Tuesday, December 16, 2014

How Depression and Dysphoria can become a feedback loop.

It's pretty easy to call into a feedback loop between depression and dysphoria. First, there are many overlapping symptoms, not limited to : feeling bad about oneself, feeling futureless, losing motivation, etc.

To help stem off dysphoria, it's often important to do things to regulate one's appearance. For me, shaving, having decent nails, being clean, and wearing clean clothes help. However, when one is depressed, it's often very hard to do these things.

In turn, that leads to more dysphoric feelings, which tend to also be depressing. In turn, one's self-care lapses further, or becomes harder to keep up with, until you're a mess who can barely get out of bed, if at all. It's not complicated, but breaking out of it is hard.

You have to find the motivation (how? where?) to begin that selfcare and bring it to a level where dysphoria weighs on you minimally. That itself can be exhausting and lead to more depression and a return to intensified dysphoria.

And this is why transition is often so important - if I complete permanent hair removal on my face, I will never have the sinking feeling of seeing stubble or the frustration of having a beard-shadow despite shaving that stubble off. That seemingly minor change gives me back some time and effort and it also keeps me from starting off on the wrong foot when I go to the bathroom in the morning and glance at the mirror.

This is a vast oversimplification, not taking into account how other people's loos and comments can trigger dyphoria, how observing cultural norms can trigger it, or how the world being fucked can make us depressed.

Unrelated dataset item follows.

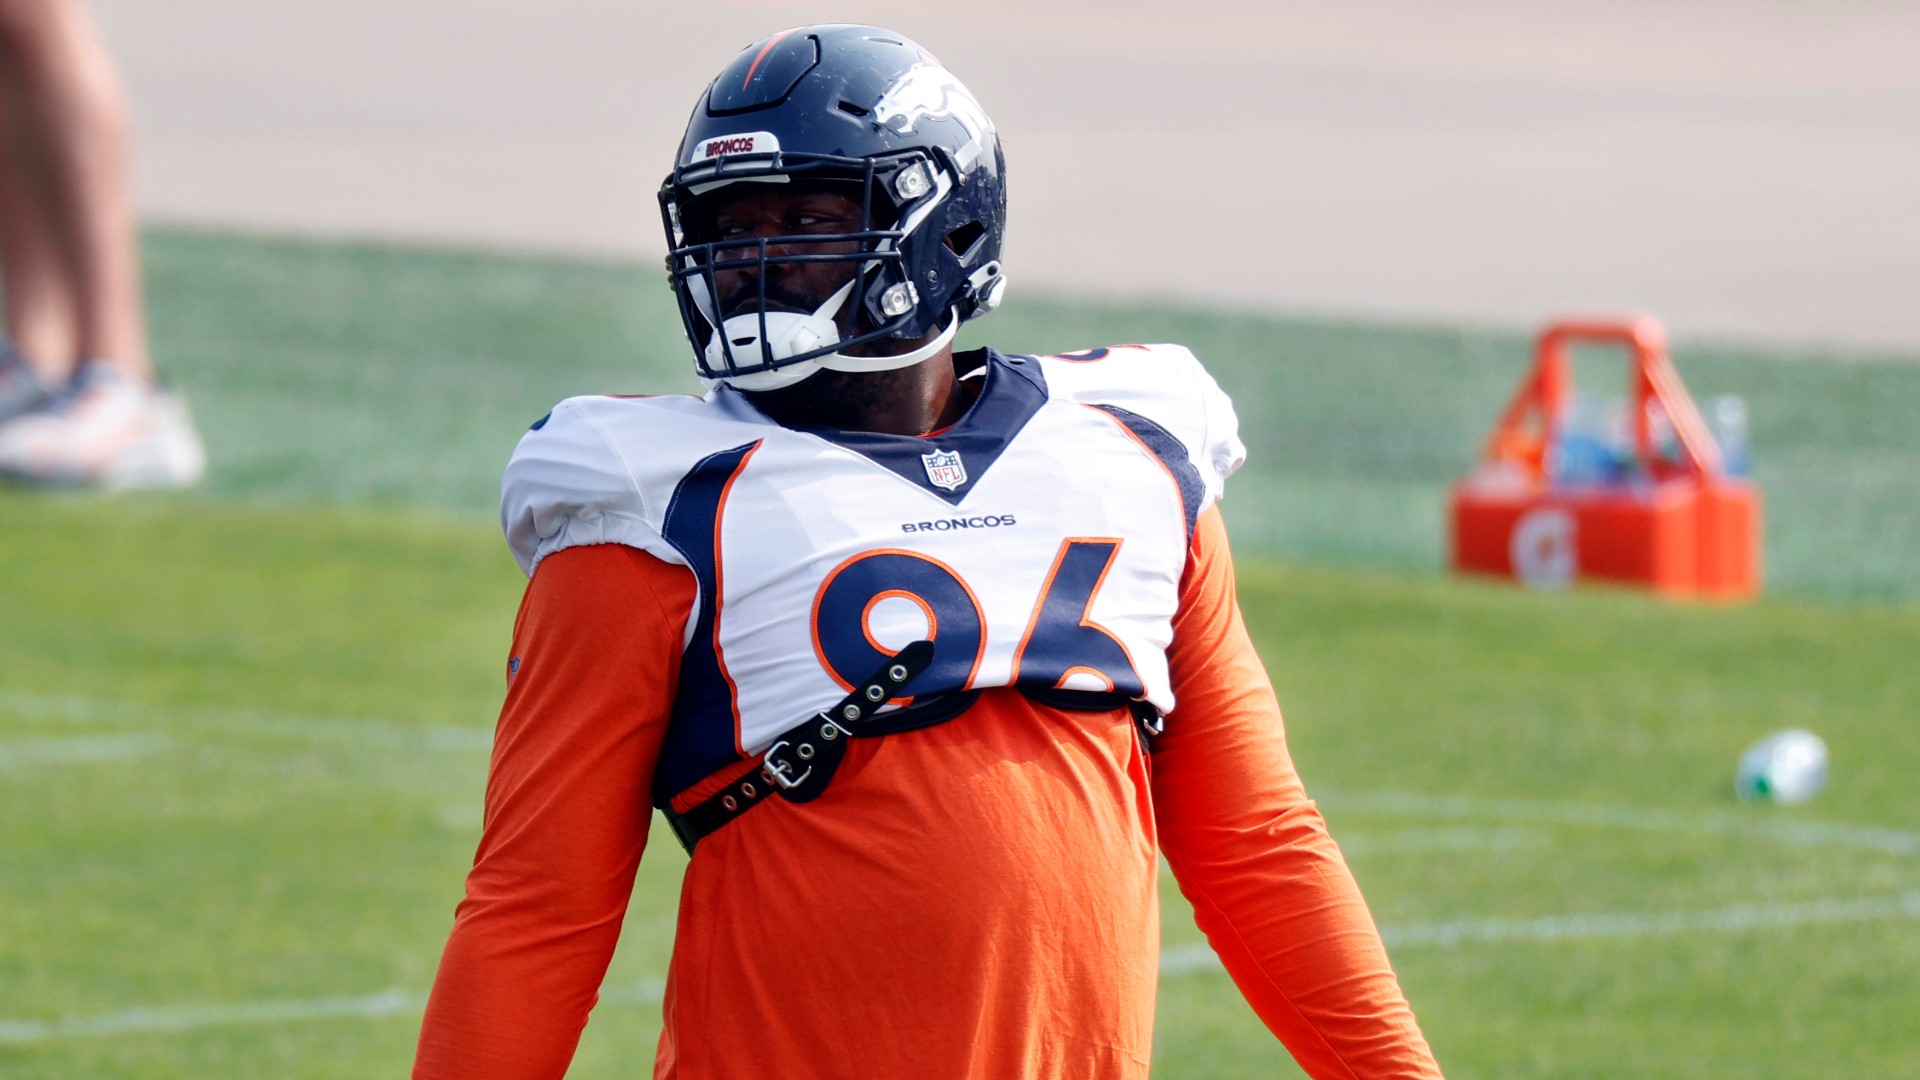 The Denver defensive end is a native of Milwaukee, close to where the Jacob Blake shooting occurred.

But you begin to get the idea.

On #ThisTweetCalledMyBack and #KnowYourHistory and why I find it so upsetting

These are some thought stemming from reading: http://know--your--history.tumblr.com/post/105347135300/knowyourhistory

Being me, I'm not nearly as conciliatory as its anonymous author. Why should I be when I've publicly flipped out in rage over this topic? And have different grievances, vague grievances unlike those specific grievance in the above link.

Months ago, I block Lauren Chief Elk on Twitter. I'm not the most tolerant person, but I felt my identity as a mixed-Potawatomi trans woman was being erased by her. It's so long ago that I don't what she said. And I thought she was a trivial enough asshole so as not to screencap.

Well, recently a rather problematic hashtag called #ThisTweetCalledMyBack started. On the one hand, it's great to call out activists who denigrate online activism. On the other hand, there was a lot of irony in that, as LCE and many cosigners had acted similarly towards other online activists.

Several of those people made ignorant claims about appropriation or being looped out of the narrative. Ironic, as those claims on appropriation relied on weak arguments that failed to examine the evidence, instead relying on an appeal to their authority. Further ironic, because they themselves were acting appropriatively and looping people out of the conversation.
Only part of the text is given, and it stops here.